# [BRIEF]
Could you copy exactly the lines below, beginning at the line with "Crocs Classic Kids" and stopping after the line with "CABLE LADRON USB", with no pictures?

# [TASK DATA]

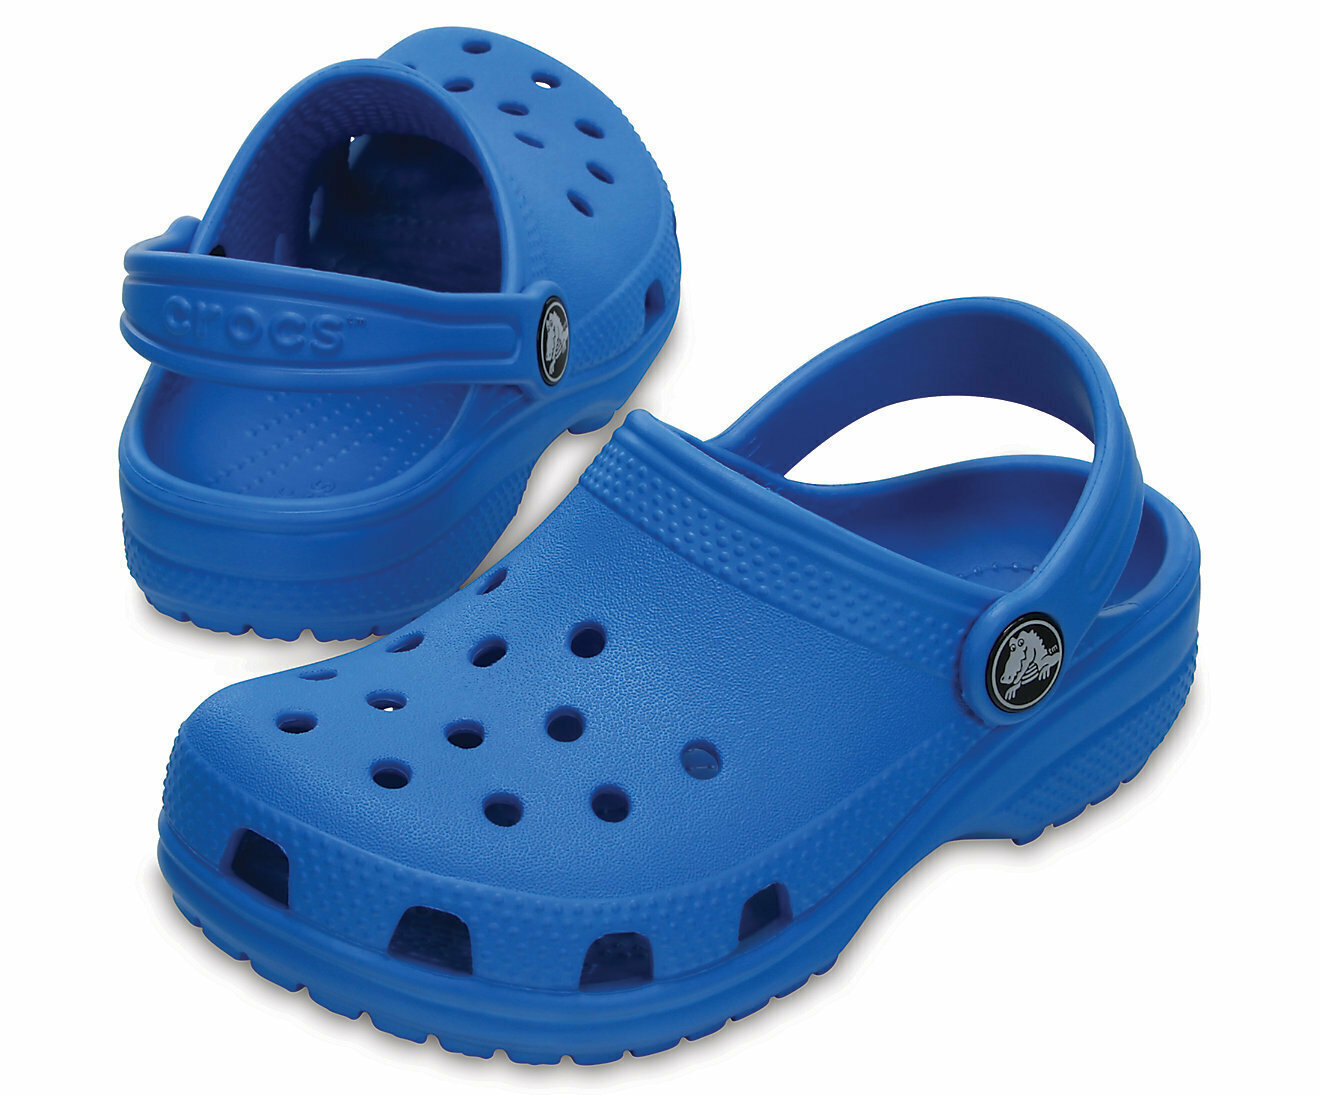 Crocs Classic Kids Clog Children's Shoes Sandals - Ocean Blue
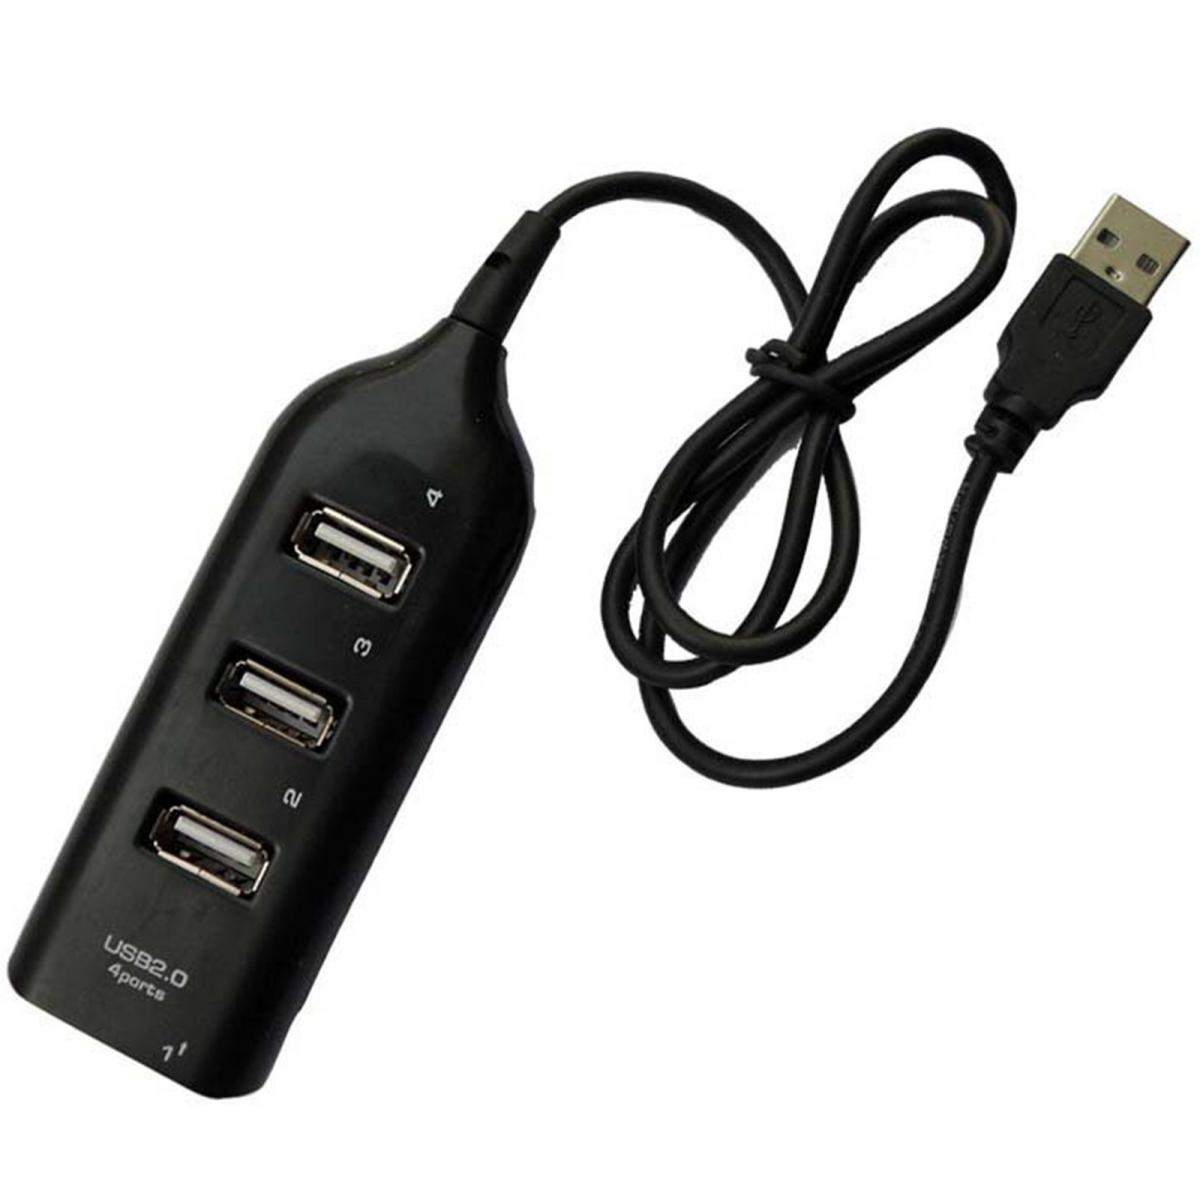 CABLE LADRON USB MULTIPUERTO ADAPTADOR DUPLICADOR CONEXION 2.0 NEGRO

==

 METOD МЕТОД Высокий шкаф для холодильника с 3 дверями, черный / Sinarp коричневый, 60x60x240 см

# [EXERCISE SOLUTION]
 Crocs Classic Kids Clog Children's Shoes Sandals - Ocean Blue
 CABLE LADRON USB MULTIPUERTO ADAPTADOR DUPLICADOR CONEXION 2.0 NEGRO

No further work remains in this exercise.